The clinical part of the current study showed that TRIM28 expression is positively associated with malignancy of glioma and poor patient prognosis. Next, we selected 4 representative glioma cell lines with a range of TRIM28 expression levels to investigate the role played by TRIM28. Inhibiting TRIM28 expression in the 2 cell lines with high TRIM28 expression (e.g., U87 and U251 cells) with lentivirus-mediated pGMLV-GFP-shRNAs decreased cell proliferation and colony formation, and arrested cell cycle at the G1 phase. These results suggest that down-regulation of the TRIM28 protein plays an inhibitory role in the development of glioblastoma and may be a key regulator of the G1-S transition in glioblastoma cells. Extrapolation of the findings from cultured cells and xenograft models back into in vivo situations, however, must be attempted with caution.

TRIM28 is a member of the TRIM family of E3 ligases, and could activate or suppress transcription via various mechanisms under different contexts [2124]. TRIM28 is known to be associated with the histone deacetylase complex NuRD and the histone methyltransferase SETDB1 and leads to the silencing of specific genes [25, 26]. Via other mechanisms, TRIM28 causes transcriptional activation through its recruitment to certain response elements, such as the Nur response element (NuRE) [23]. Santos et al. showed that in human embryonic lung fibroblast cell line IMR90, TRIM28 expression inhibit p16 induction without affecting p53 or p21 expression [27]. However, in our study, TRIM28 regulated the expression of p21 in glioma cells; such a finding was consistent with the negative correlation of TRIM28 with p21 in GBM tissues. P21 is a tumor suppressor gene and a cell cycle inhibitor. The down-regulation of p21 plays a vital role in the development of many cancers. The relationship between TRIM28 and p21 observed in the current study may partly explain the biological functions of TRM28. Lee et al. demonstrated that sumoylated TRIM28 decreased H3-K9 and H3-K14 acetylation and augments H3-K9 methylation at the p21 promoter [28]. Also a result, the downregulation of p21 may also be related to the sumoylation of TRIM28 via a chromatin-silencing process.

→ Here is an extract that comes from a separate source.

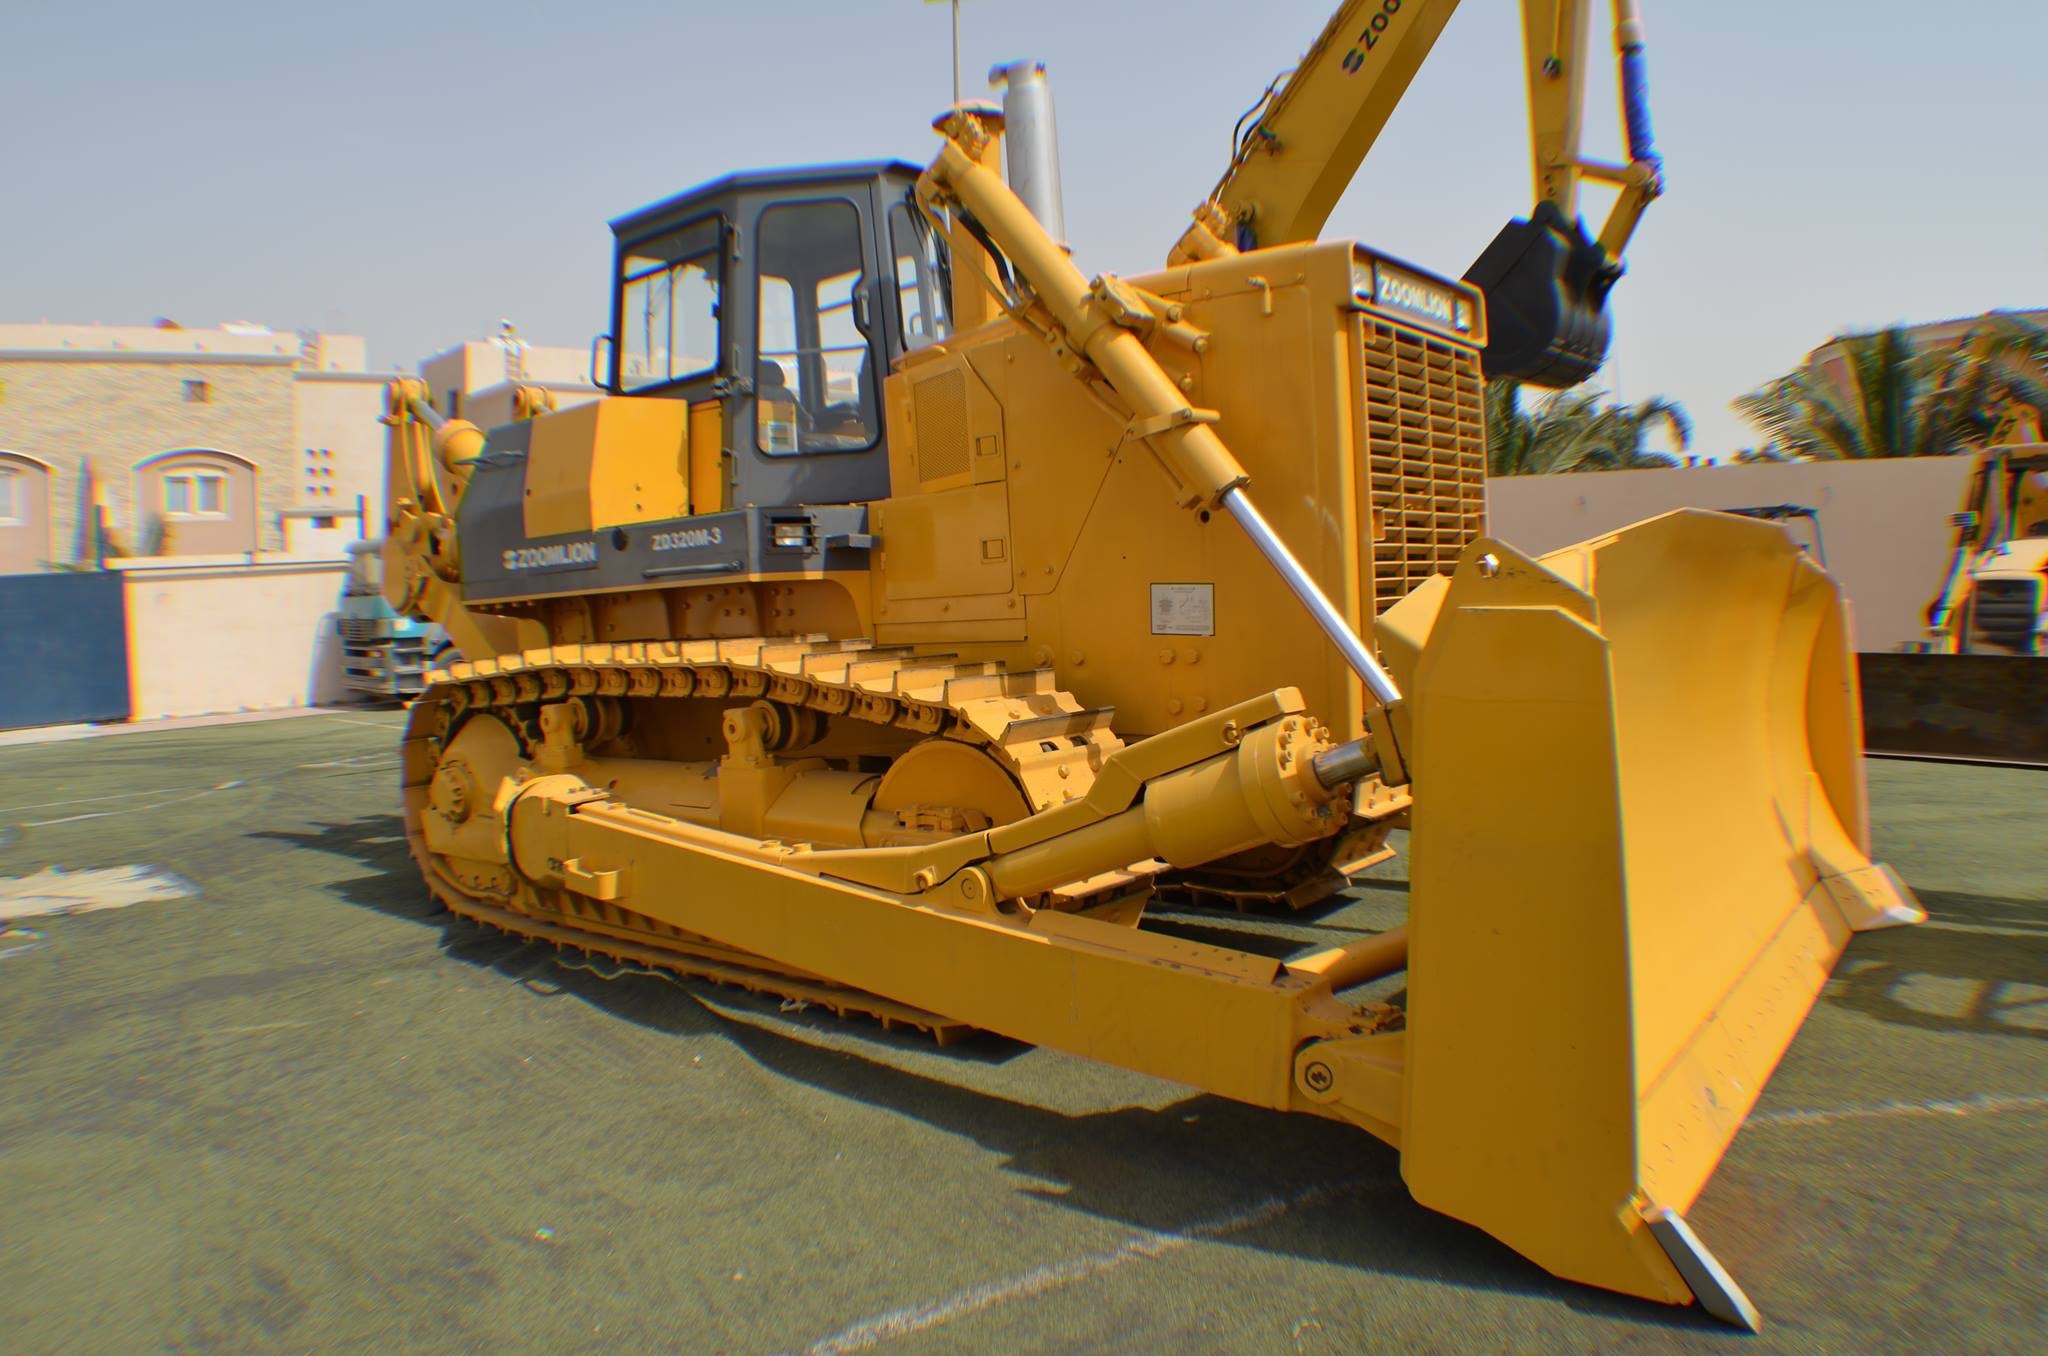 Zoomlion Zd220sh-3 220HP Dozer Bulldozer with Rippers for Sale

In our experiments, TRIM28 was detected in cell nuclei but not in cytoplasm. E3 ligases, including TRIM28, catalyzes ubiquitination of the proteins destined for degradation, and by doing so, serves as an important post-translational mechanism to regulate various cell functions, such as transcriptional regulation, protein quality control, DNA repair and cell cycle regulation. Protein degradation indeed occurs in cytoplasm, but ubiquitination may occur in cell nuclei. [29].

In conclusion, the results from the current study highlighted the biological and clinical significance of TRIM28 expression in glioma. Importantly, the combination of negative p21 expression and high TRIM28 expression could predict a poor prognosis in GBM. Decreasing TRIM28 expression could inhibit the growth of glioma cells both in vitro and in vivo, suggesting that targeting TRIM28 could be a promising therapeutic approach to manage gliomas.